Mark Pett’s Mr Lowe rerun for the 8th is built on the familiar old question of why learn arithmetic when there’s computers. Quentin is unconvinced of this as motive for learning long division. I’ll grant the case could be made better. I admit I’m not sure how, though. I think long division is good as a way to teach, especially, the process of estimating and improving estimates of a calculation. There’s a lot of real mathematics in doing that.

Guy Gilchrist’s Nancy for the 8th is another back-to-school strip. Nancy’s faced with “this much math” so close to summer. Her given problem’s a bit of a mess to me. But it’s mostly teaching whether the student’s got the hang of the order of operations. And the instructor clearly hasn’t got the sense right. People can ask whether we should parse “12 divided by 3 times 4” as “(12 divided by 3) times 4” or as “12 divided by (3 times 4)”, and that does make a major difference. Multiplication commutes; you can do it in any order. Division doesn’t. Leaving ambiguous phrasing is the sort of thing you learn, instinctively, to avoid. Nancy would be justified in refusing to do the problem on the grounds that there is no unambiguous way to evaluate it, and that the instructor surely did not mean for her to evaluate it all four different plausible ways.

By the way, I’ve seen going around Normal Person Twitter this week a comment about how they just discovered the division symbol ÷, the obelus, is “just” the fraction bar with dots above and below where the unknown numbers go. I agree this is a great mnemonic for understanding what is being asked for with the symbol.

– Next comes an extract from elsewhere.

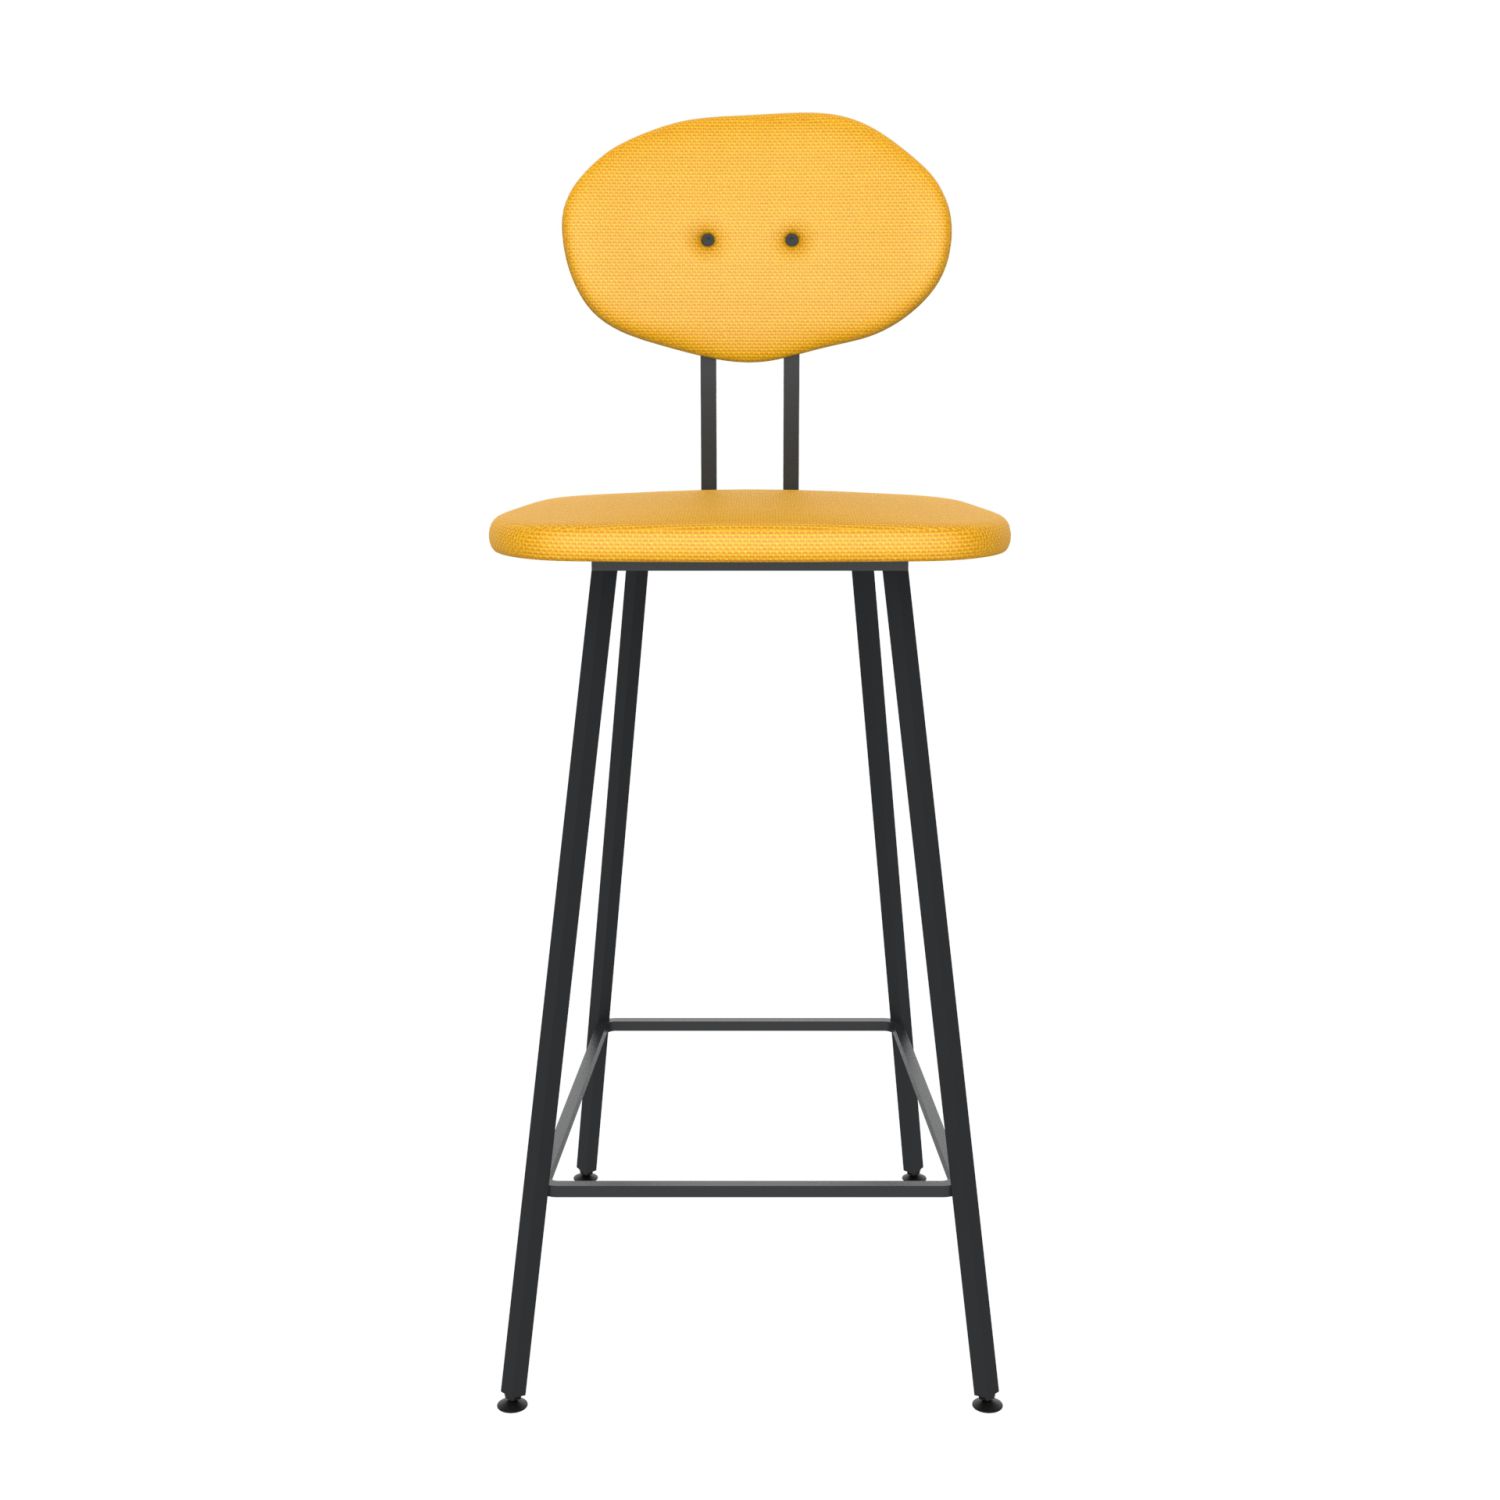 maarten baas barstool 75 cm without armrests backrest d lemon yellow 051 frame black
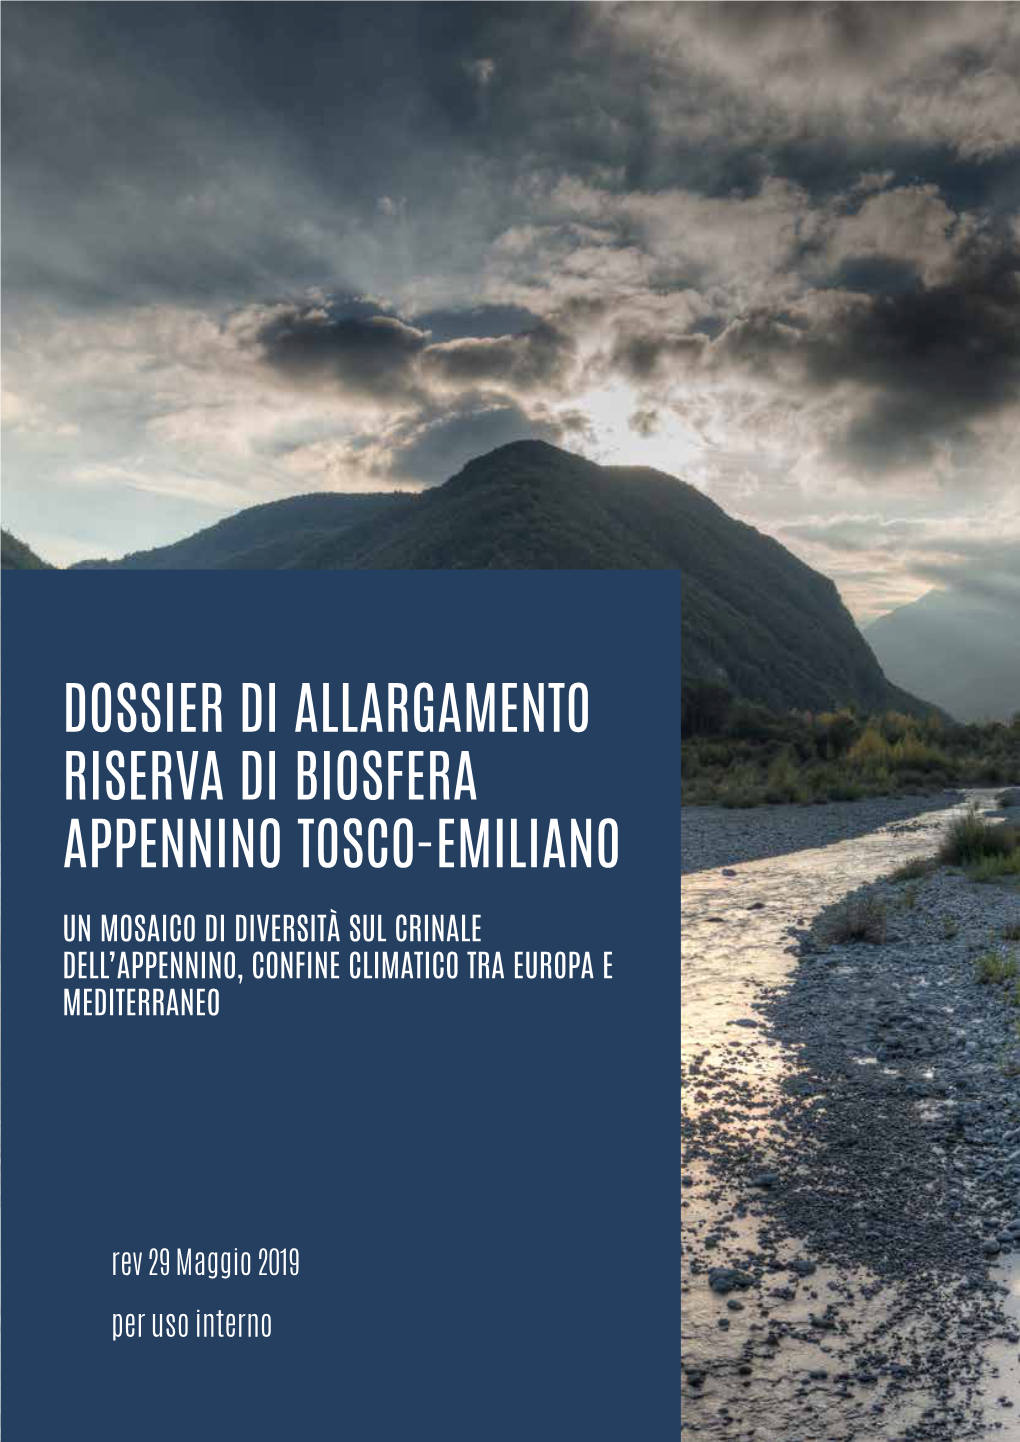 Dossier Di Allargamento Riserva Di Biosfera Appennino Tosco-Emiliano

But I see no evidence that this is where the symbol, historically, comes from. We first see ÷ used for division in the writings of Johann Henrich Rahn, in 1659, and the symbol gained popularity particularly when John Pell picked it up nine years later. But it’s not like Rahn invented the symbol out of nowhere; it had been used for subtraction for over 125 years at that point. There were also a good number of writers using : or / or \ for division. There were some people using a center dot before and after a / mark for this, like the % sign fell on its side. That ÷ gained popularity in English and American writing seems to be a quirk of fate, possibly augmented by it being relatively easy to produce on a standard typewriter. (Florian Cajori notes that the National Committee on Mathematical Requirements recommended dropping ÷ altogether in favor of a symbol that actually has use in non-mathematical life, the / mark. The Committee recommended this in 1923, so you see how well the form agenda is doing.)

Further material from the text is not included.